# CSE 506: Operating Systems

**Device Drivers** 



#### Talking to Devices

- Map devices onto regions of physical memory
  - Hardware redirects accesses away from RAM
    - Points those addresses at devices
  - A bummer if you "lose" some RAM
    - Hardware can be smart enough to remap RAM
- Win: Cast interface regions to a structure
  - Write updates to different areas using high-level languages
  - Still subject to timing, side-effect caveats

#### **Optimizations**

- How does compiler (and CPU) know about I/O?
  - Which regions have side-effects and other constraints?
    - It doesn't: programmer must specify!

## Optimizations (2)

- Recall: Common optimizations (compiler and CPU)
  - Out-of-order execution
  - Reorder writes
  - Cache values in registers
- When writing to device, write happens immediately
  - Do not keep it in a register
- CPU <u>and</u> compiler optimizations must be disabled

## volatile keyword

- volatile variable cannot be cached in a register
  - Writes must go directly to memory
  - Reads must always come from memory/cache
- volatile code blocks cannot be reordered
  - Must be executed precisely at this point in program
  - e.g., inline assembly
- \_\_volatile\_\_ means I really mean it!



#### Compiler barriers

- Inline assembly has a set of clobber registers
  - Hand-written assembly will clobber them
  - Compiler saves values to memory before inline asm
    - No caching of values in these registers
- "memory" clobber says to flush all registers
  - Compiler generates code for all writes to memory
  - No previously-read values can be used without re-read



## Configuration

- Where does all of this come from?
  - Who sets up port mapping and I/O memory mappings?
  - Who maps device interrupts onto IRQ lines?
- Generally, the BIOS
  - Sometimes constrained by device limitations
  - Older devices hard-coded IRQs
  - Older devices may only have a 16-bit chip
    - Can only access lower memory addresses



#### I/O Ports

- Initial x86 model: separate memory and I/O space
  - Memory uses virtual addresses
  - Devices accessed via ports
- A port is just an address (like memory)
  - Port 0x1000 is not the same as address 0x1000
  - Different instructions inb, inw, outl, etc...

#### More on ports

- A port maps onto input pins/registers on a device
- Unlike memory, writing to a port has side-effects
  - Write "launch" command to /dev/missiles
    - Reading ports can trigger hardware actions too!
  - Memory can safely duplicate operations/cache results
- Idiosyncrasy: composition doesn't necessarily work

#### Buses

- Buses are "plumbing" between major components
- There is a bus between RAM and CPUs
- There is often another bus between devices
  - Buses tend to have standard specifications
    - Ex: PCI, ISA, AGP

#### **PCI**

- PCI (memory and I/O ports) is configurable
  - Generally by the BIOS
  - But could be remapped by the kernel
- Configuration space
  - 256 bytes per device (4k per device in PCIe)
  - Standard layout per device, including unique ID
  - Big win: standard way to figure out hardware



# **PCI Configuration Layout**



- Required Register

- Optional Register

From device driver book

#### **PCI Overview**

- Most desktop systems have 2+ PCI buses
  - Joined by a bridge device
  - Forms a tree structure (bridges have children)



#### **PCI Layout**





## **PCI** Addressing

- Each peripheral listed by:
  - Bus Number (up to 256 per domain or host)
    - A large system can have multiple domains
  - Device Number (32 per bus)
  - Function Number (8 per device)
    - Function, as in type of device
      - Audio function, video function, storage function, ...
- Devices addressed by a 16-bit number



#### **PCI** Interrupts

- Each PCI slot has 4 interrupt pins
- Device does not worry about mapping to IRQ lines
  - APIC or other intermediate chip does this mapping
- Bonus: flexibility!
  - Sharing limited IRQ lines is a hassle.

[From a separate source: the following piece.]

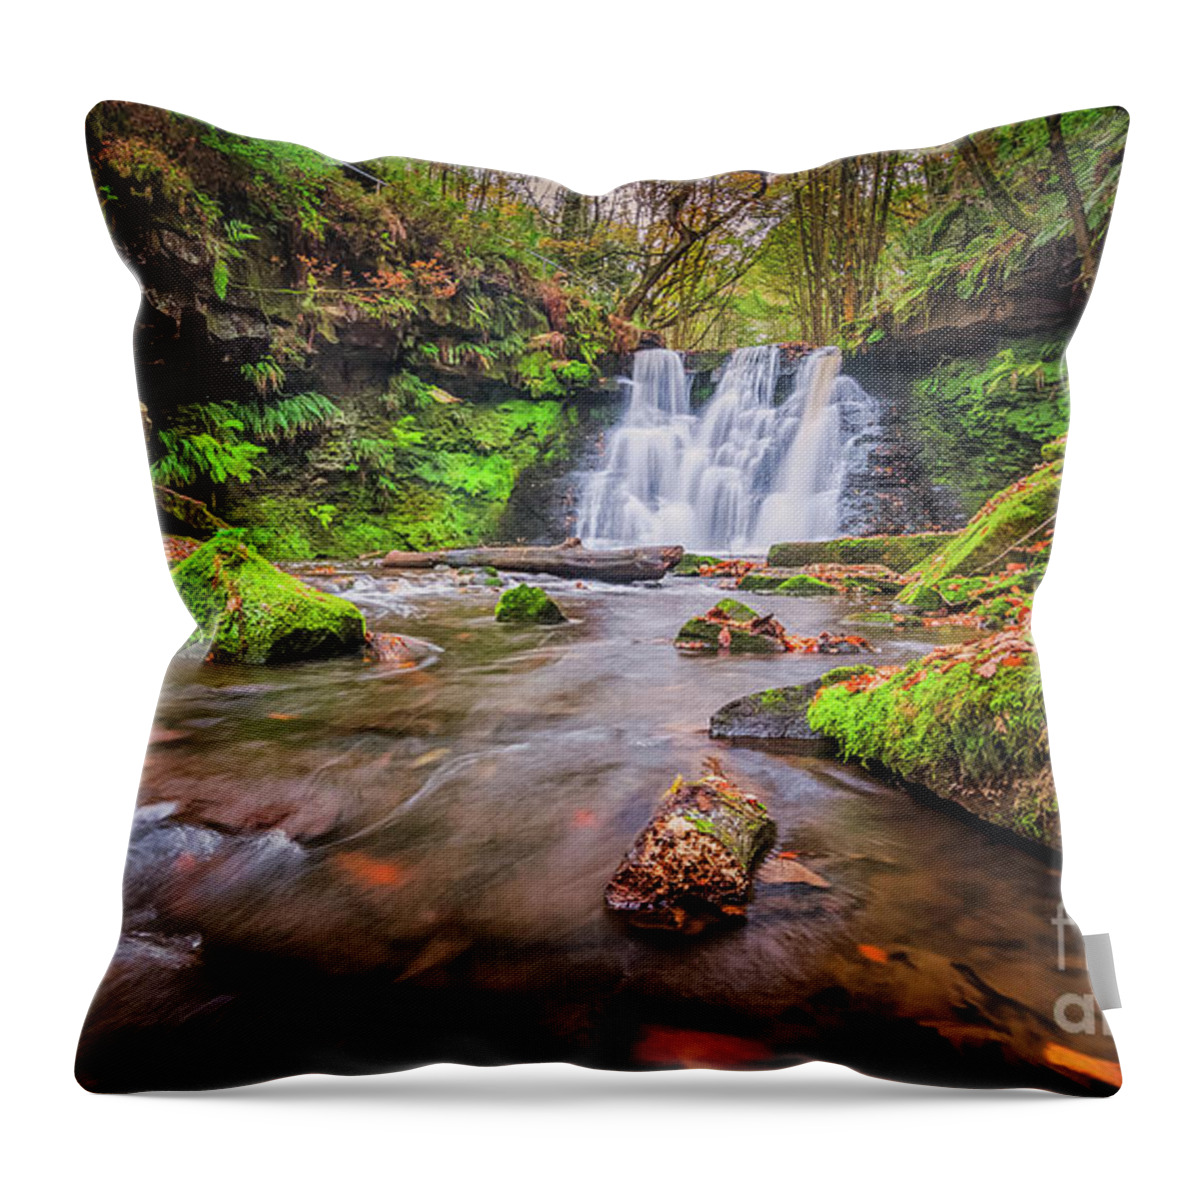 Waterfall Throw Pillow featuring the photograph Goit Stock Waterfall by Mariusz Talarek
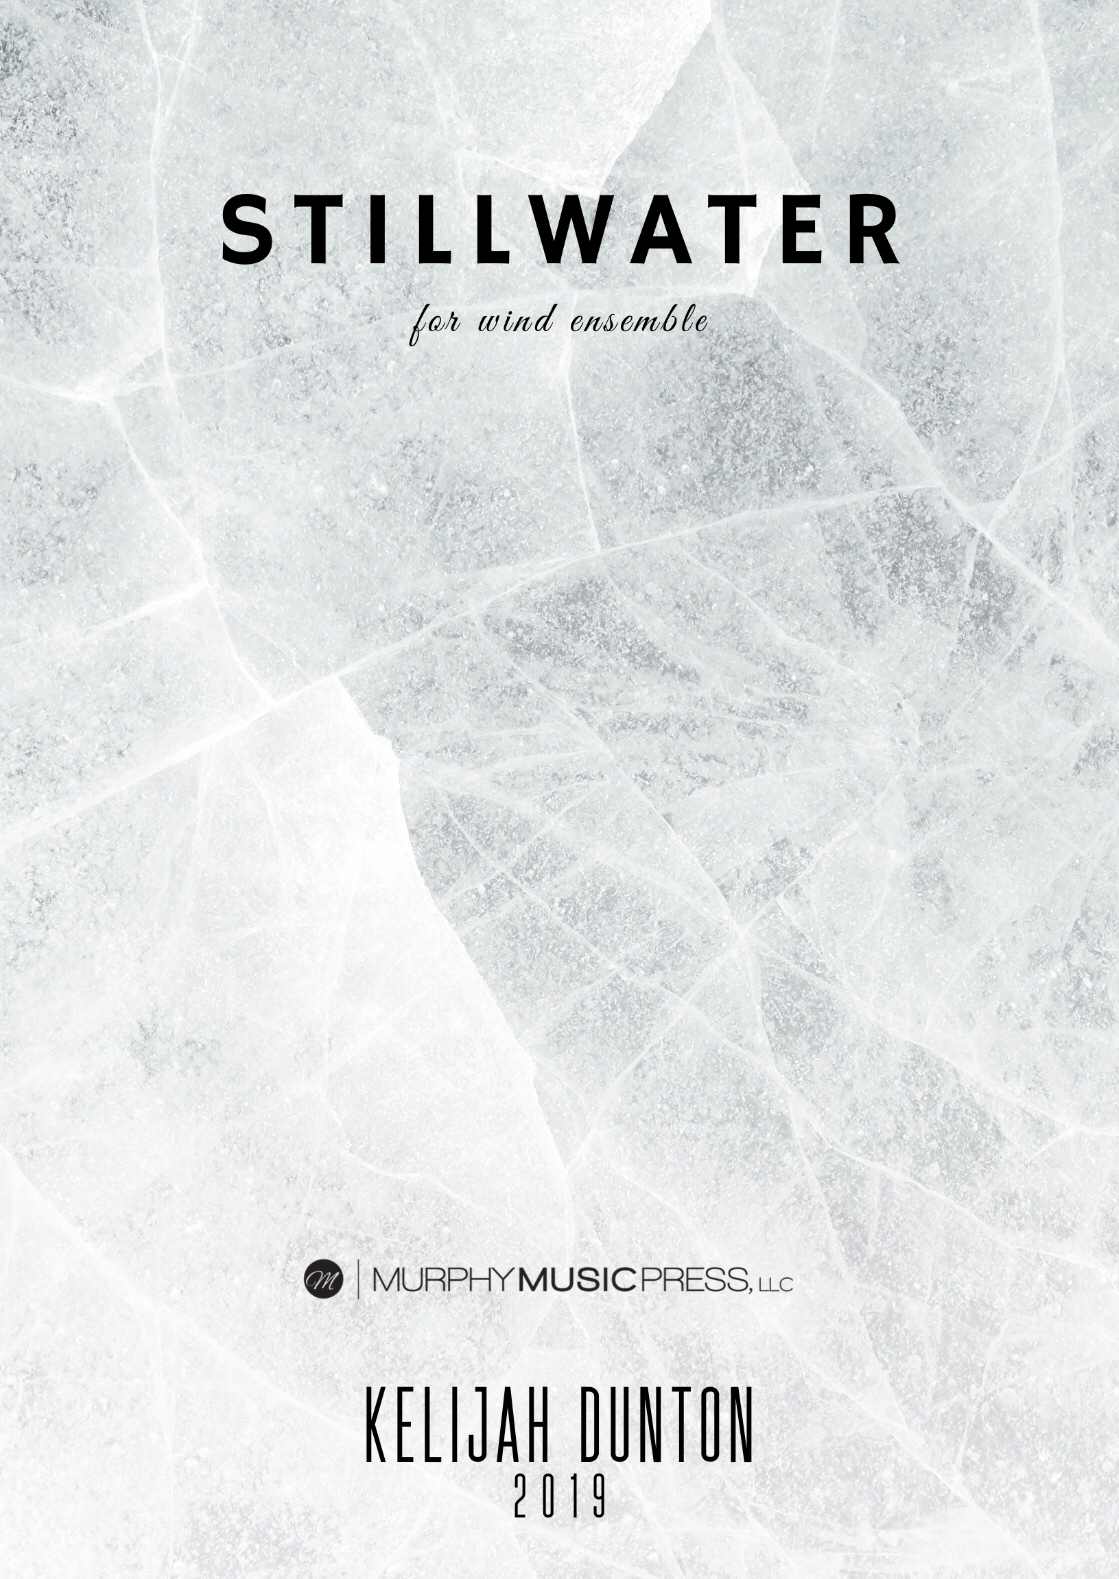 Stillwater by Kelijah Dunton

Why?
    - Trap handler must demultiplex interrupts
  - Being able to "load balance" the IRQs is useful



## Direct Memory Access (DMA)

- Tell device where you want data to go (or come from)
  - Let device do data transfers to/from memory
    - No CPU intervention
  - Interrupt CPU on I/O completion

#### **DMA Buffers**

- DMA buffers must be in physical memory
  - Like page tables and IDTs
- Some buses (SBus) can use virtual addresses
- Most (PCI) use physical (avoid page translation)
  - IOMMUs allow "virtual addresses" for devices
    - Can make random physical pages look contiguous to the device
    - Called "Bus address" for clarity
    - New to the x86 (called VT-d)

## Ring Buffers

- Many devices pre-allocate a "ring" of buffers
  - Think network card
- Device writes into ring; CPU reads behind
- If ring is well-sized to the load:
  - No dynamic buffer allocation
  - No stalls



# Advanced Host Controller Interface (AHCI)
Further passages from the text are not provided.